Fantastic creamy chicken fried pork steak recipe

Chicken fried steak continues to be a popular dish throughout the United States and beyond. Most often made with beef,  but a superb chicken fried steak can be made with pork as well. The flavor is delicious and well liked, and yet the meal has the wonderful ‘touch of home’ flavor that many meals lack. 

This recipe is one that was invented a couple of decades ago when the author got everything together to make a traditional country fried steak, then discovered, after the fact, that the only thing missing was the beef. Thankfully, there were pork steaks in the freezer and the result was so phenomenal that it has been a family favorite ever since. There are probably other recipes that are similar, but this is original.

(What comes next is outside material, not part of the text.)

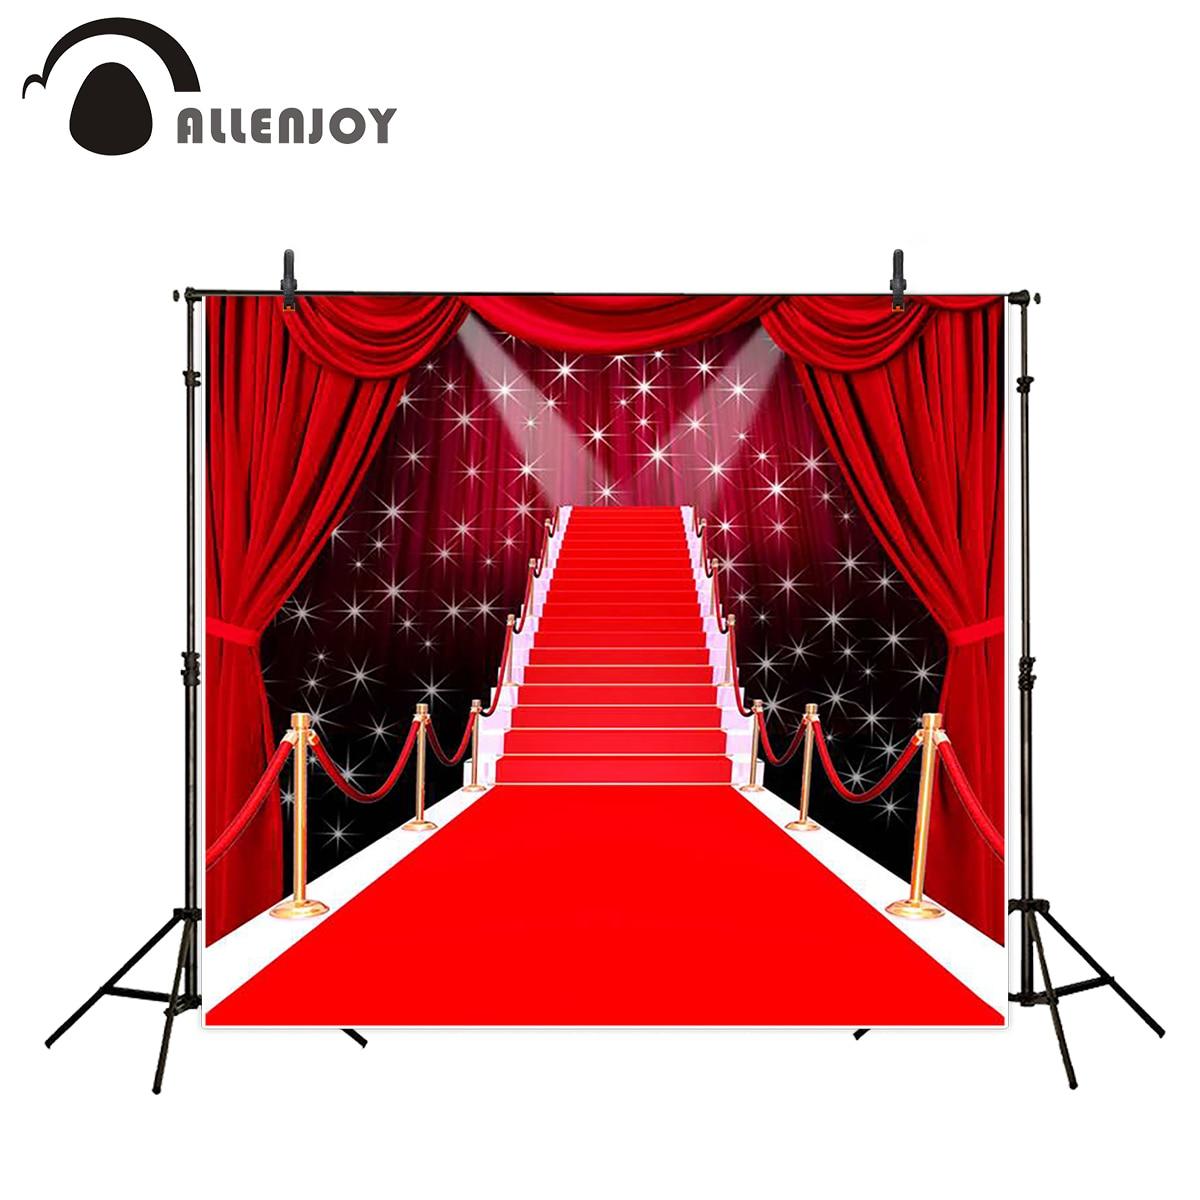 Allenjoy background photography long red carpet glitter wedding backdrops photocall fantasy props photobooth photo studio allenjoy photographic background pink stage halo glitter backdrops photobooth fantasy props cloth fabric photo studio

6 pork steaks, cut off the bones and run through a tenderizer, cutlet style
4 large eggs
2 cups flour
1/2 cup milk
1/2 tsp salt
1/2 tsp ground pepper
1/2 tsp onion powder
1/2 tsp garlic powder
1/2 tsp oregano
1/2 tsp sage
3-4 tbsp virgin olive oil for cooking


Mix the flour and seasonings well. An easy way to do this is to put them in a large Ziploc bag, close it and shake the contents well until they are uniformly blended. Leave the flour mixture in the bag, since it makes it easier to coat the pork steaks without causing much of a mess.

Beat the eggs in a flat bottomed bowl and place the steaks into the beaten eggs, letting the meat sit in the eggs for a few minutes, turning the steaks periodically so they are thoroughly coated. They can soak while the oil is warming up in the next step.

Heat the olive oil in a fry pan, over medium-low heat. The oil should be hot enough to cook the meat but not so hot that it will cook it too quickly.

Put one steak at a time into the bag containing the flour, seal the bag and shake to coat the meat thoroughly. Place the steak in the pan and repeat this with the other steaks. 

Fry the steaks until they are browned on one side, about 10 minutes, and then turn them over. Cook the other sides until they are also browned. At this point, the meat should still have juices, but the fluid should be colorless.

Remove the steaks from the pan and put them on a cookie sheet or similar, placing them in a warm oven so the steaks don’t cool off too much. 

To the pan and the drippings that are left in it, add the milk and heat to barely a boil, stirring in enough of the flour mixture, stirring constantly, to make gravy. The amount of milk and flour can be varied to produce enough gravy for the steaks and for mashed potatoes, if spuds are going to be used to complement the meal.

To serve, put a steak on a plate and ladle the gravy over the top. A sprig of parsley is great for a colorful garnish.


If you prefer spicier flavors, you can add chili powder to the flour or sprinkle it over the top of the steaks while they are cooking. Powdered ginger also makes an interesting variation with just a bit of a bite. For richer gravy, use half and half instead of milk.

Serving suggestions:

These breaded steaks go very well with both mashed and baked potatoes, with the gravy poured over the top. Steamed kale, chard or mustard greens are also good with these chicken fried steaks, as side dishes. 

Because pork is a sweet meat, these steaks go very well with sweet fruit, such as applesauce, peaches, pears or fresh pineapple. The fruit can be served as a side dish or as a dessert.

This meal is balanced if the side dishes are included, it is filling and it is extremely tasty. The above recipe should be enough for four reasonably hungry appetites, however the recipe can be easily expanded. Leftover suggestions probably aren’t needed with this one, because there aren’t likely to be any leftovers.